Given data:

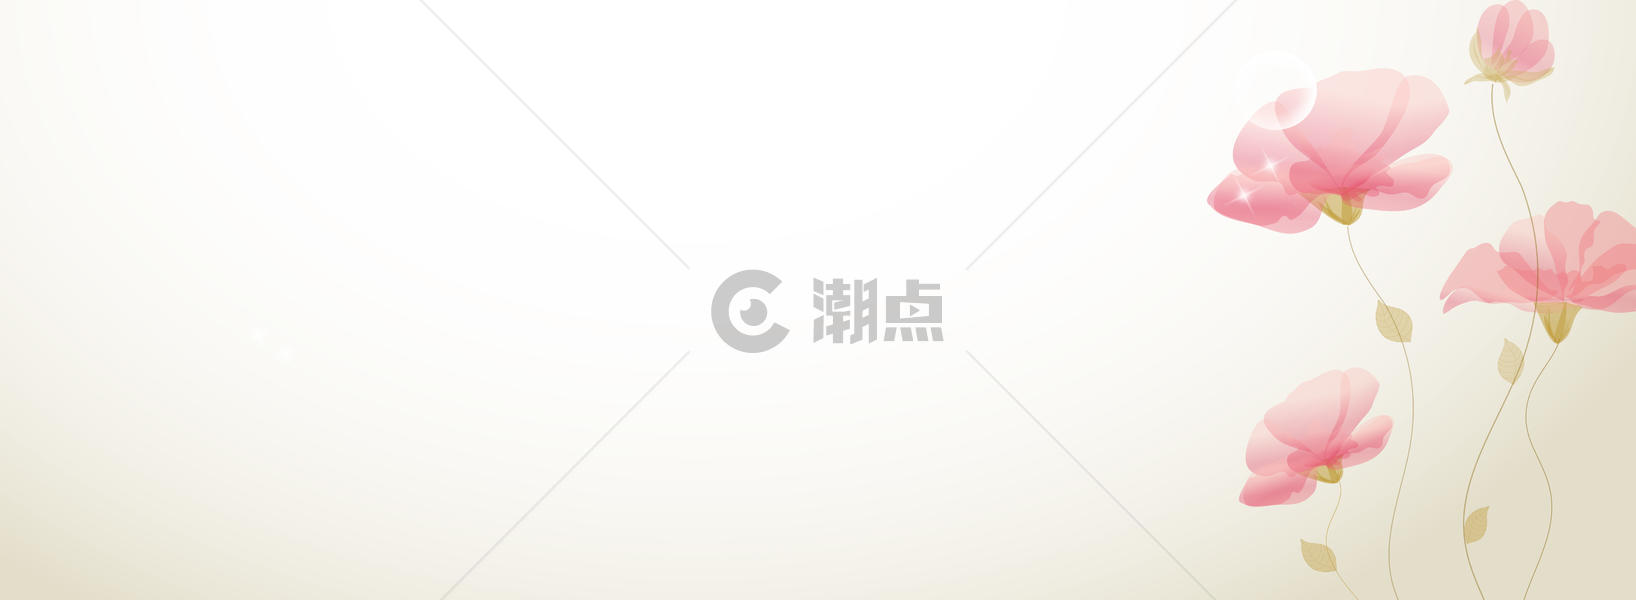 小清新banner图片素材免费下载
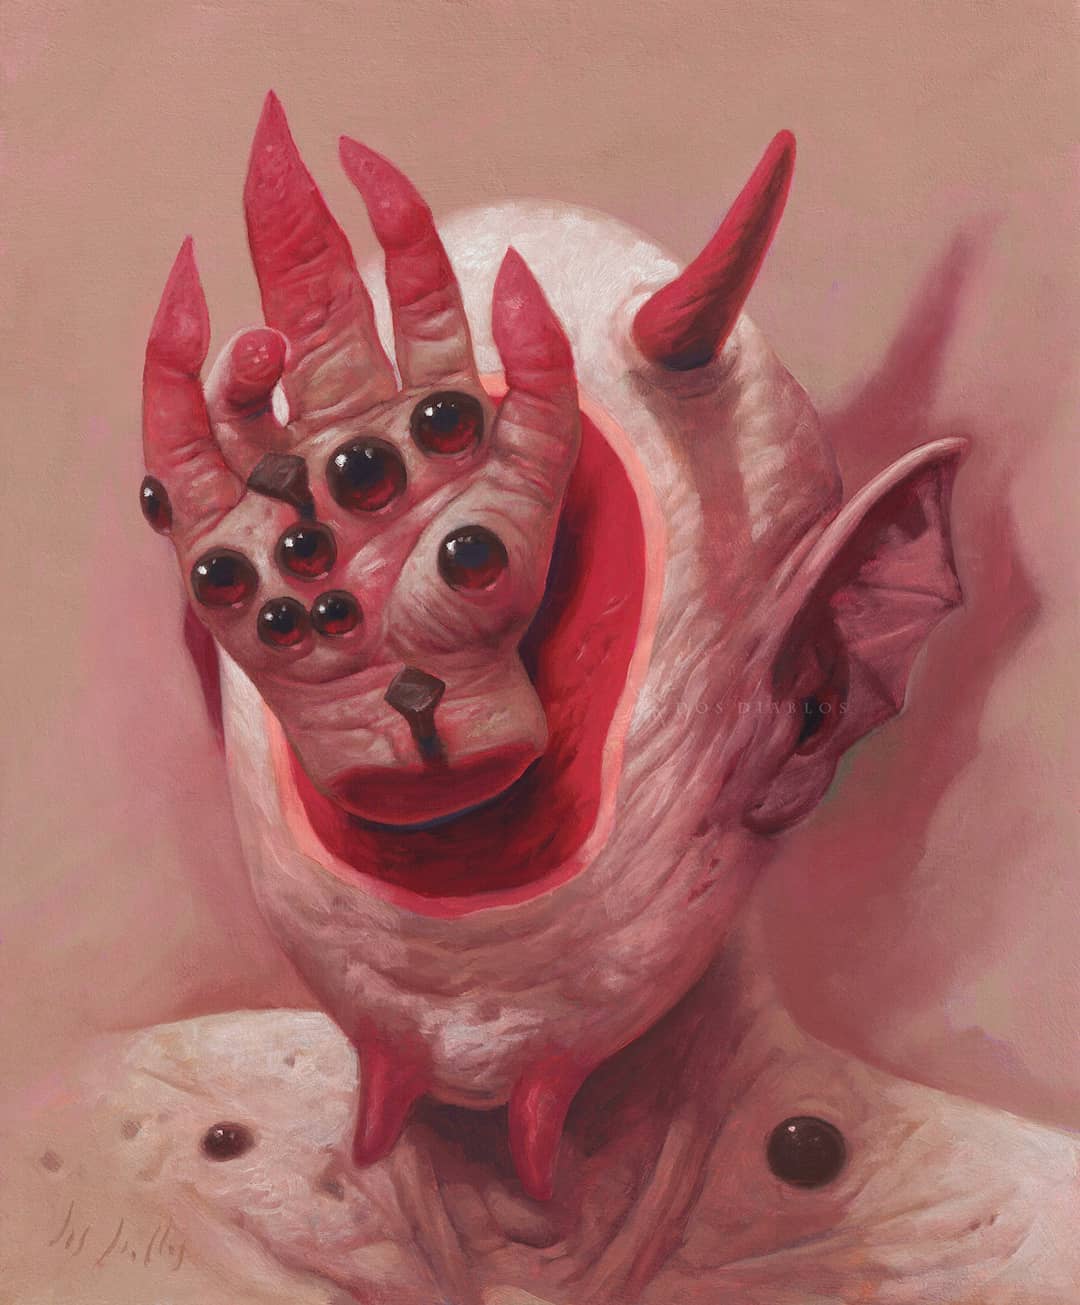 Portrait d'une créature surnaturelle diabolique.
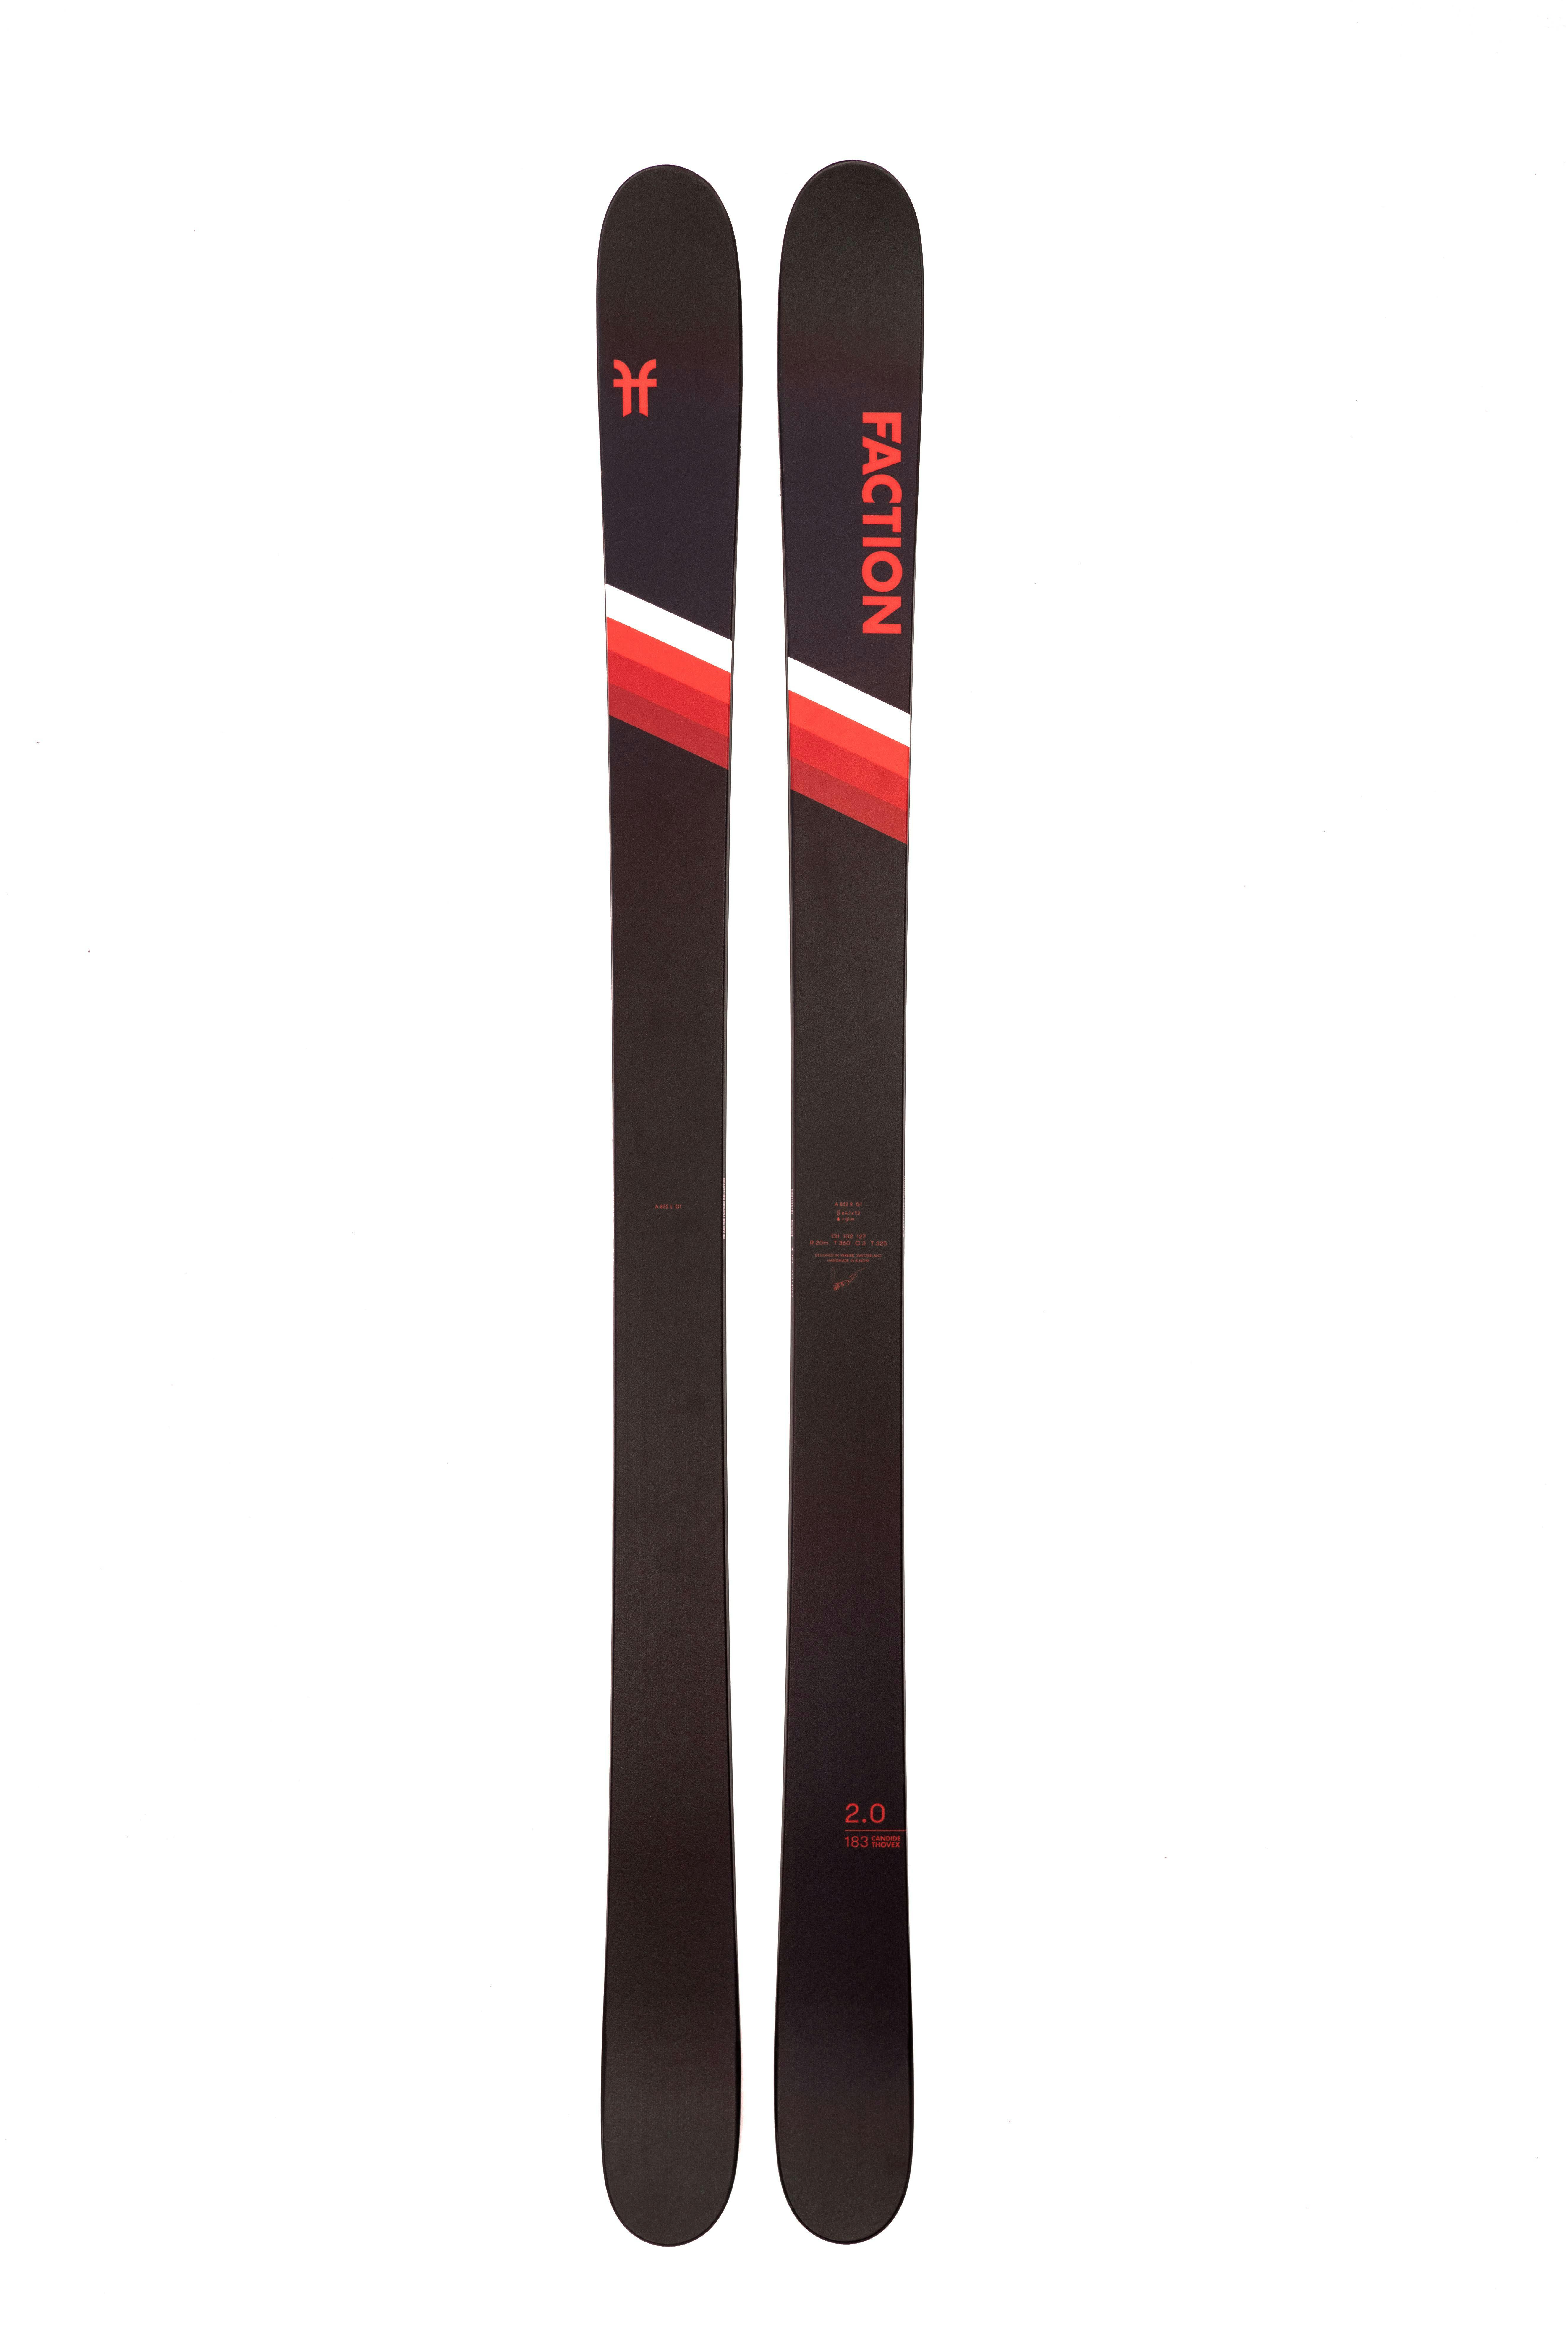 Faction Ski Candide 2.0 Skis Black

Description of the task: Give back the material word for word, leaving out its pictures.

Written response:
 小清新banner图片素材免费下载
 Portrait d'une créature surnaturelle diabolique.
 Faction Ski Candide 2.0 Skis Black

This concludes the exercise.